Piracy Situation Risk Assessment, February 2014, Issue 22


In January the reported criminal activity against shipping was moderate. There was one confirmed attack attempt against a vessel on Gulf of Aden and few suspicious activities. Gulf of Guinea has seen the similar struggle as past months but incidents on South China Sea have dropped or reported less than in average comparing to the previous months.

There were two unorthodox incidents during the January. First the false piracy warning shocked the shipping where a vessel was reported hijacked near Eritrea on Red Sea. Turned out that the vessel was boarded by Eritrean Border Guards. Second unclear event involved a tanker that was allegedly pirated from Angola. The vessel was missing from the radar for several days and reported most of the cargo stolen by pirates once she arrived to Nigeria. Angolan officials claim that the incident was fake and organized by the vessel master itself. The case is disputed by the vessel owner and Interpol is investigating the case.

The he International Chamber of Commerce (ICC) International Maritime Bureau (IMB) has released official piracy statistics of 2013. In summary it reveals that:

– Piracy at sea has reached its lowest levels in six years, with 264 attacks recorded worldwide in 2013, a 40% drop since Somali piracy peaked in 2011. 15 incidents were reported off Somalia in 2013, down from 75 in 2012, and 237 in 2011.
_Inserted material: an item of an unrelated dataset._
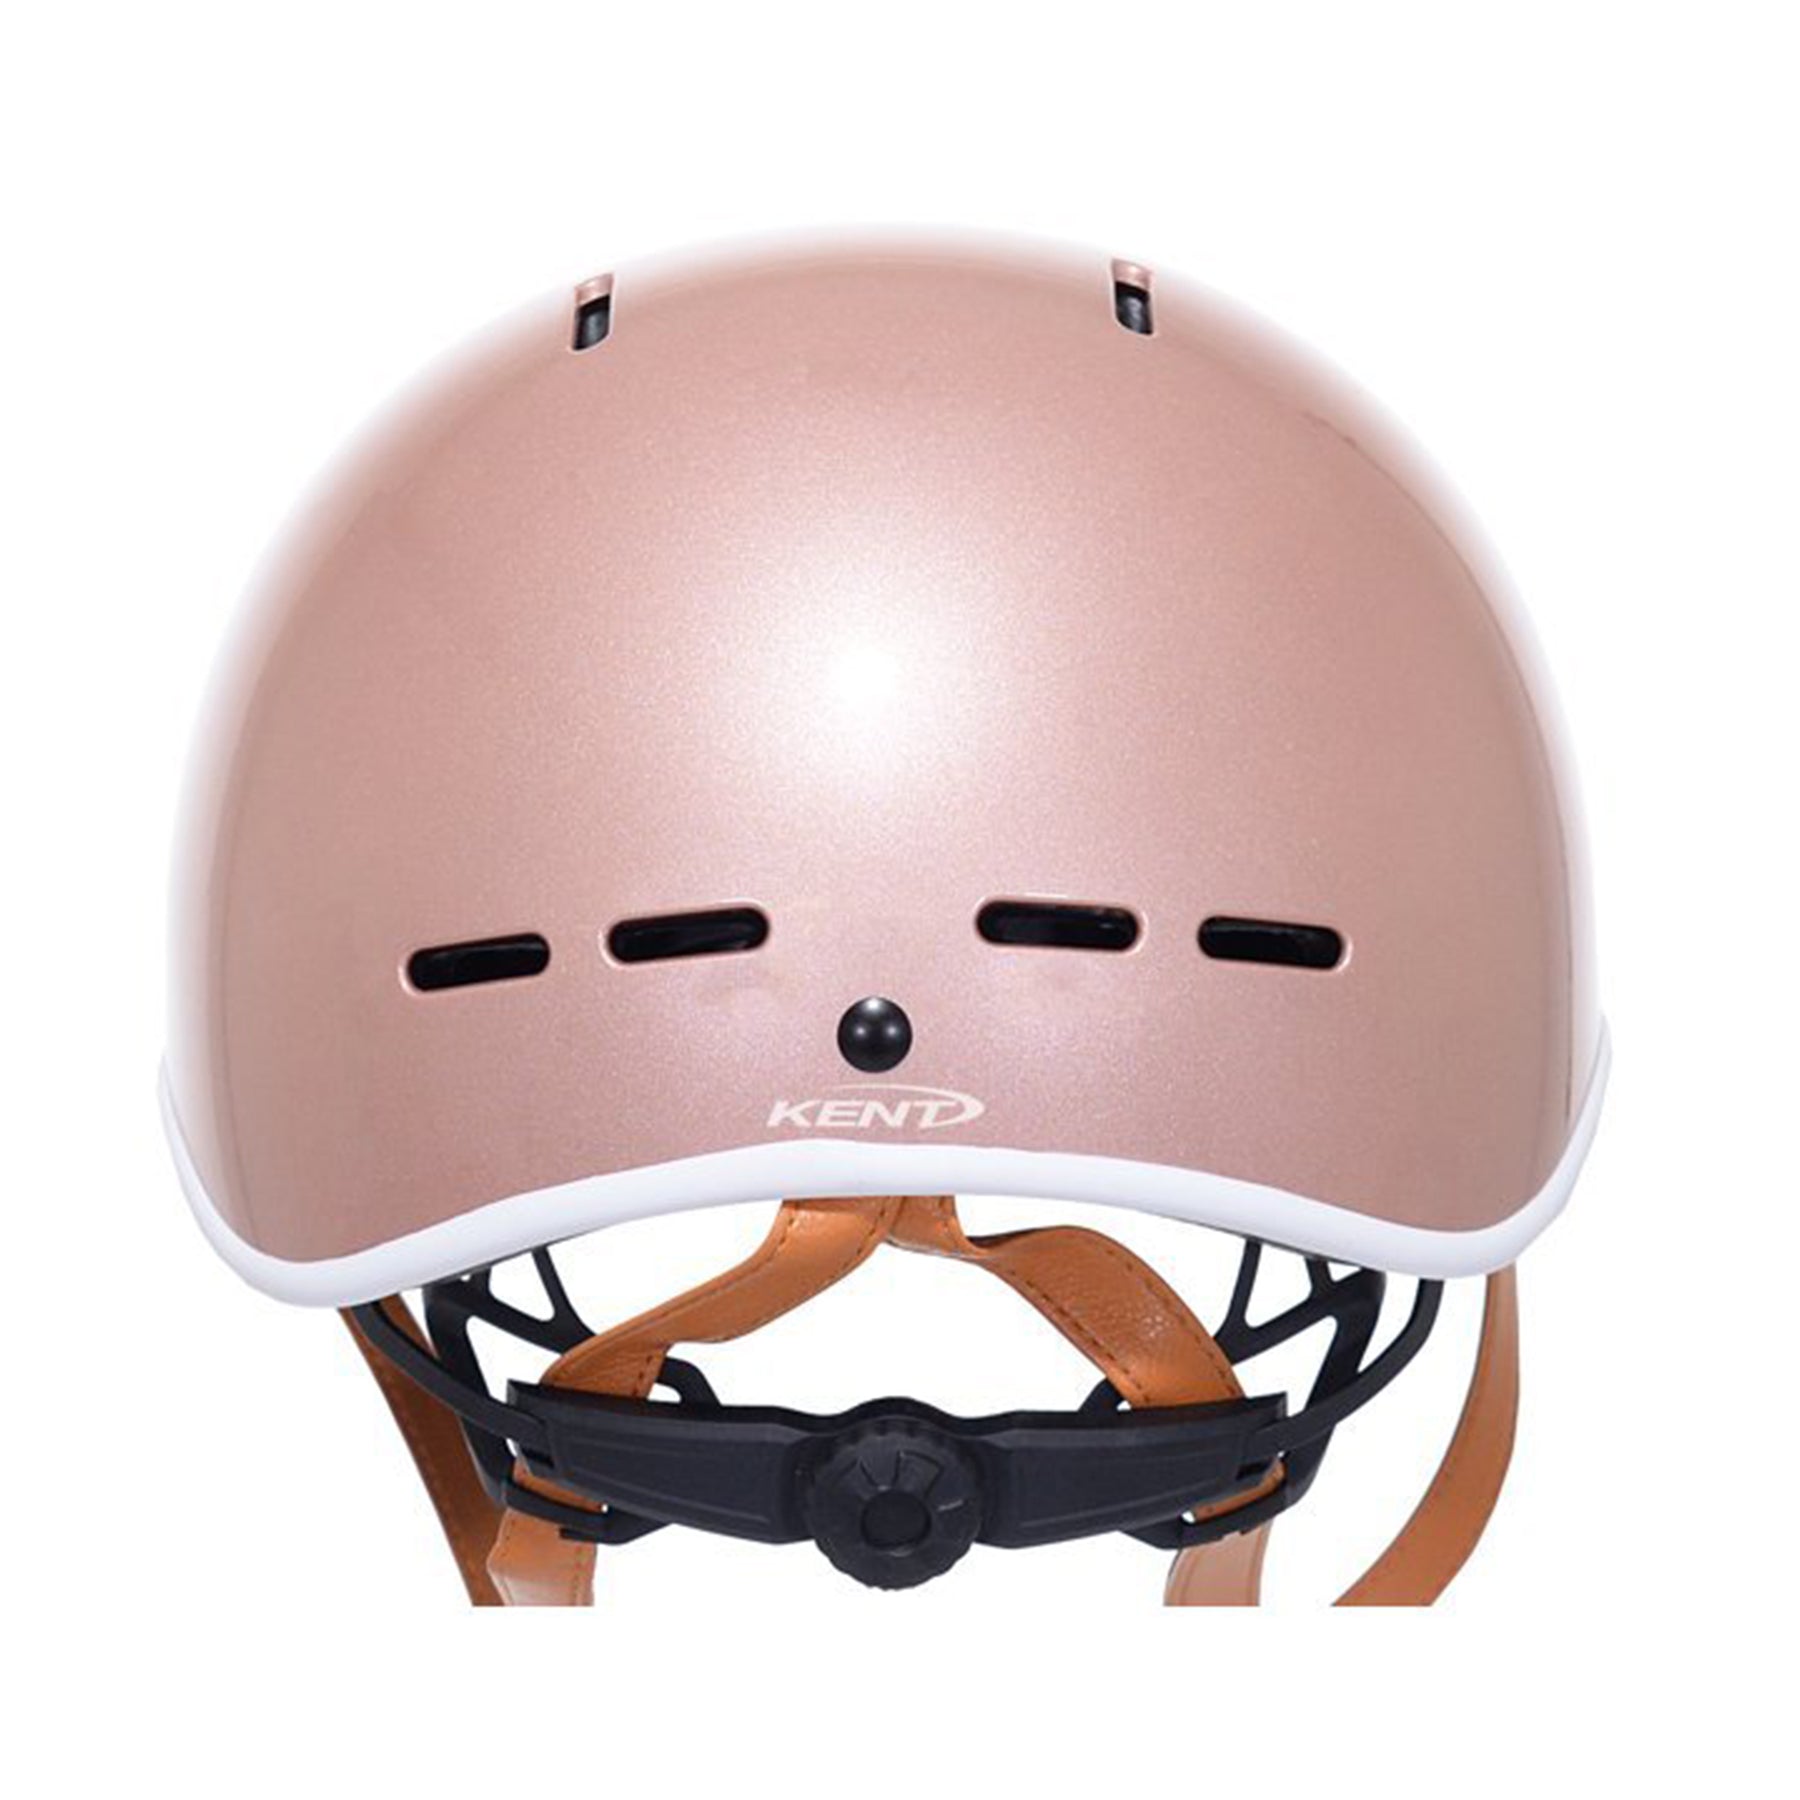 Kent Adult Commuter Helmet | Helmet for Adults Ages 13+

– More than 300 people were taken hostage at sea last year and 21 were injured, nearly all with guns or knives. A total of 12 vessels were hijacked, 202 were boarded, 22 were fired upon and a further 28 reported attempted attacks. Nigerian pirates were particularly violent, killing one crewmember, and kidnapping 36 people to hold onshore for ransom.

– Malaysian waters saw the hijacking of two product tankers with 27 crew taken hostage, resulting in the theft of ships’ property and cargo.

– In Indonesian anchorages and waters, IMB reports a high number of “low-level opportunistic thefts, not to be compared with the more serious incidents off Africa”. However, these accounted for more than 50% of all vessels boarded in 2013, and armed robbery increased for a fourth consecutive year.

– Attacks in India and Bangladesh are also described as “low-level and opportunistic”. The incidents off India have increased year on year since 2010, reaching 14 in 2013.